By marcdon​i on December 5, 2010

“O lutador” é um belíssimo filme. Não vou falar das atuações de Mickey Rourke ou de Marisa Tomei, deslumbrante; pois muitos já falaram a respeito. São outros os motivos que me fazem achar este filme melhor a cada vez que penso nele. Mais do que a história clichê emotiva de um lutador decadente, o filme nos mostra, com rara sensibilidade em meio à violência, a dificuldade de lidar com o que há talvez de mais cruel em nossa existência: a passagem do tempo.
O entendimento de como essa questão se mostra no filme começa pelo nome do protagonista, Randy “The Ram” Robinson. “Ram” é substantivo [carneiro], mas também, e principalmente, é verbo [bater, golpear, entre outros significados]. Não temos apenas um apelido, mas uma ação que define quem é o protagonista e como ele se relaciona com o mundo. Randy é este verbo, ele não sabe ser qualquer outra coisa que não aquele que bate de frente com a vida, e esta ação o aprisiona.
Fica claro que Randy não saberia e teme ser algo diferente, viver de outra forma. Este aspecto de aprisionamento e inadequação permeia todas as situações e cenários. Os planos, mesmo os mais fechados, são áridos e vazios. Compartilhamos com o personagem angústia e desolação, e a sensação é perturbadoramente claustrofóbica. Perturbador também é perceber o descompasso entre ele e a stripper Cassidy, a única pessoa que parece significar para Randy uma possibilidade de mudança. Randy conjuga seu verbo, seu único verbo, sempre no pretérito [ele até acredita sinceramente que Guns n’ Roses é uma grande banda, nada mais anos 80], enquanto a personagem de Marisa Tomei está voltada para um futuro, mesmo que idealizado. É um encontro impossível, e a consequência maior é a dor. Randy busca a dor física e a mutilação como quem satisfaz a um vício.

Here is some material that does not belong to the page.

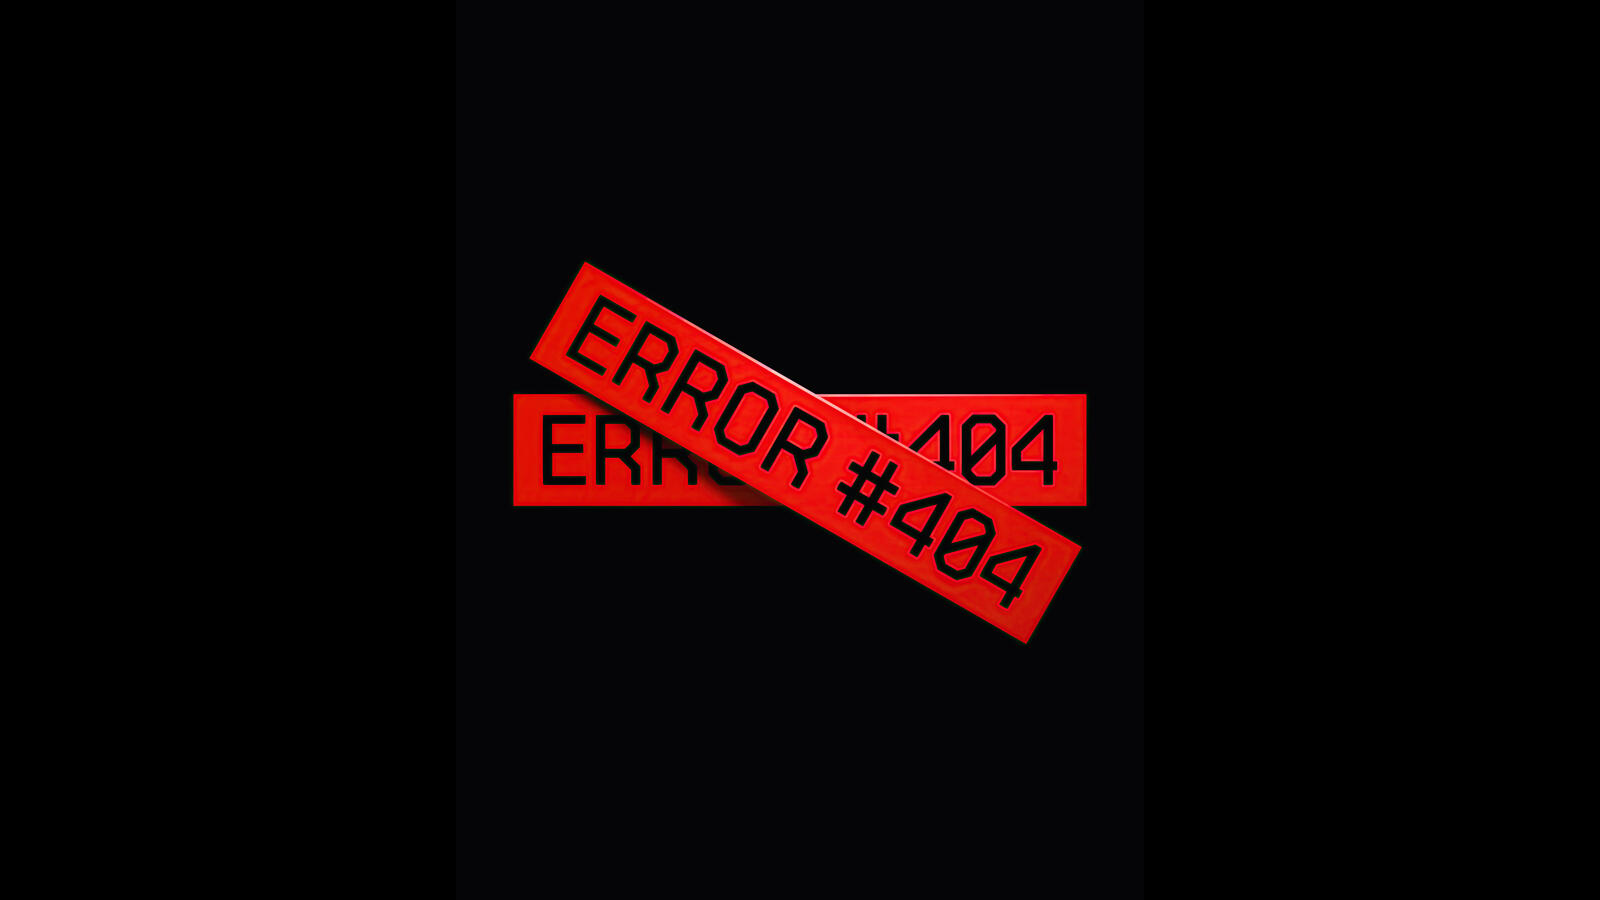 桌面上的壁纸出错 404 计算机
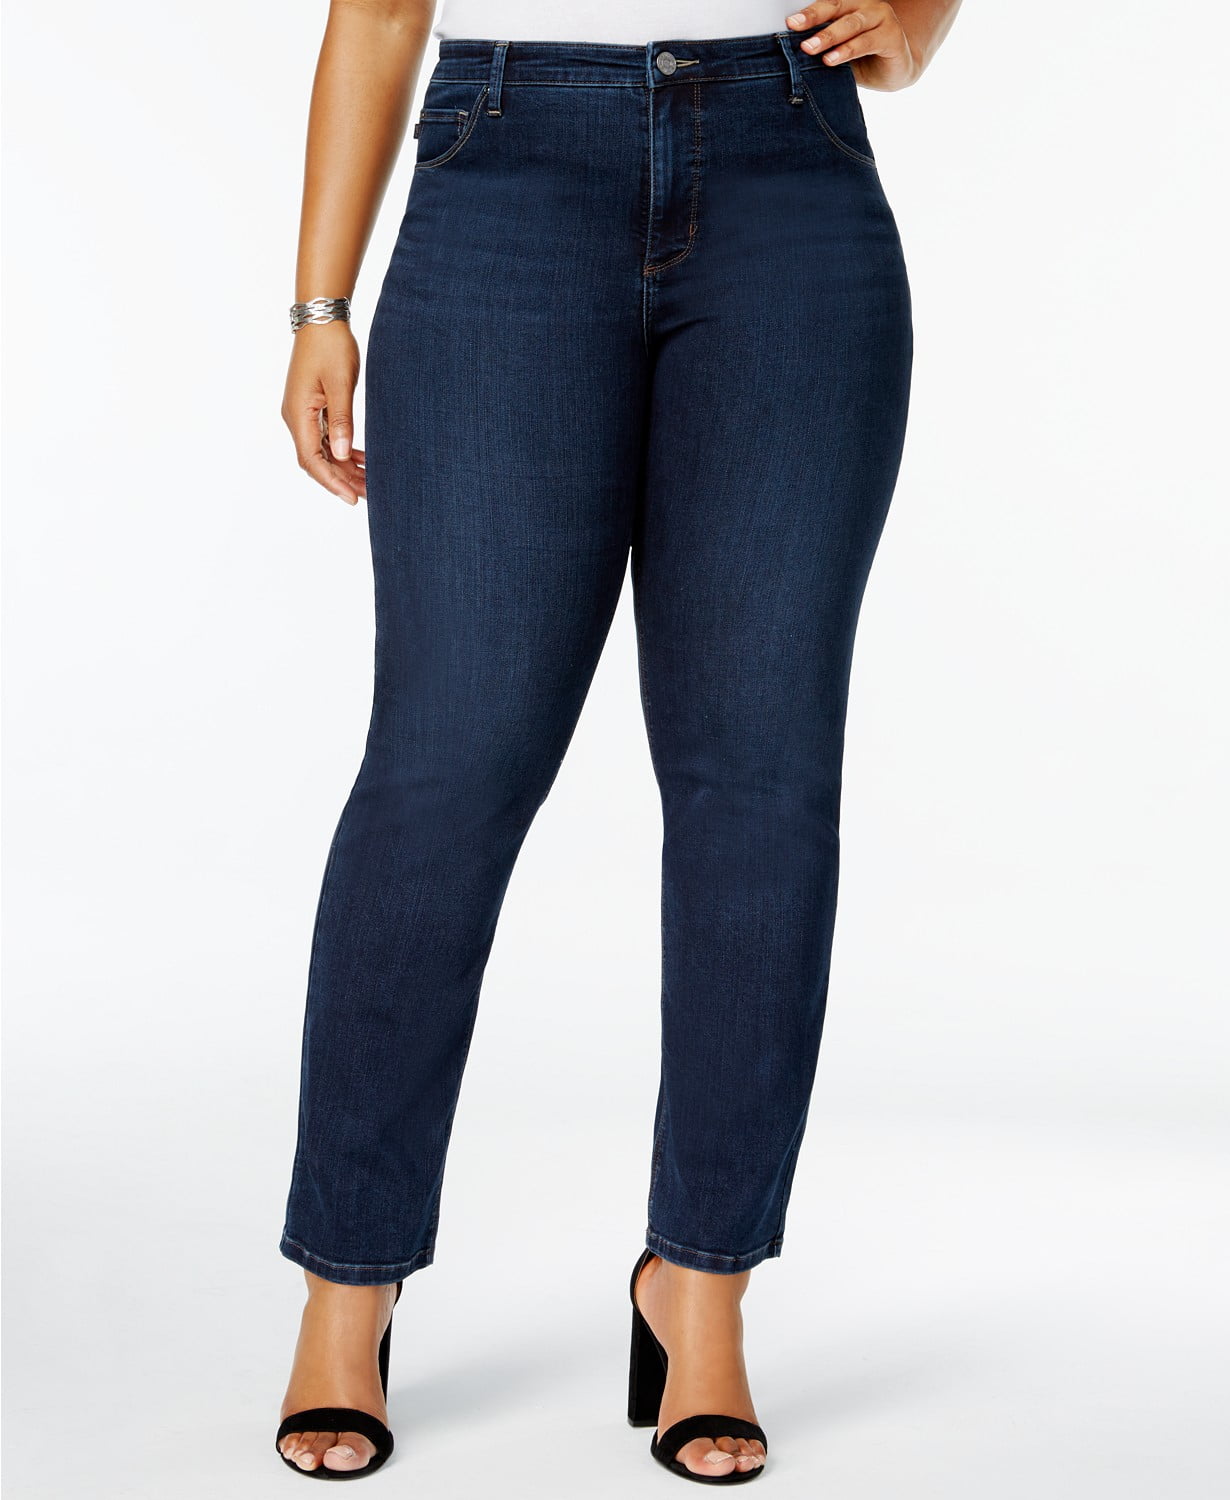 Lee Platinum - Gwen Straight-Fit Jeans - Plus Size - 18W - Walmart.com

Há então o impulso auto-destrutivo e a fuga, afinal a dor física pode ser preferível frente às dores do mundo; mas vejo também uma busca por sentir-se vivo, uma maneira de preencher o vazio de uma vida que não é, já que está circunscrita ao passado.
Fico pensando que o protagonista teve diante de si duas opções: reinventar-se enquanto homem e encarar as dores e angústias da “vida real” [talvez envelhecer seja mesmo um contínuo processo de reinvenção], ou render-se ao “conforto” de uma identidade estática e cristalizada, ainda que isso signifique a mais completa solidão. Randy fez sua escolha e o filme terminou, e não cabe aqui nenhum juízo de valor sobre suas atitudes. Saí do cinema angustiado, pois sei que todos nós, mais cedo ou mais tarde, estaremos diante das mesmas opções; e um pouco assustado, porque sei também que não importa qual seja a nossa escolha, sempre haverá um preço a pagar, sempre haverá uma cota de dor.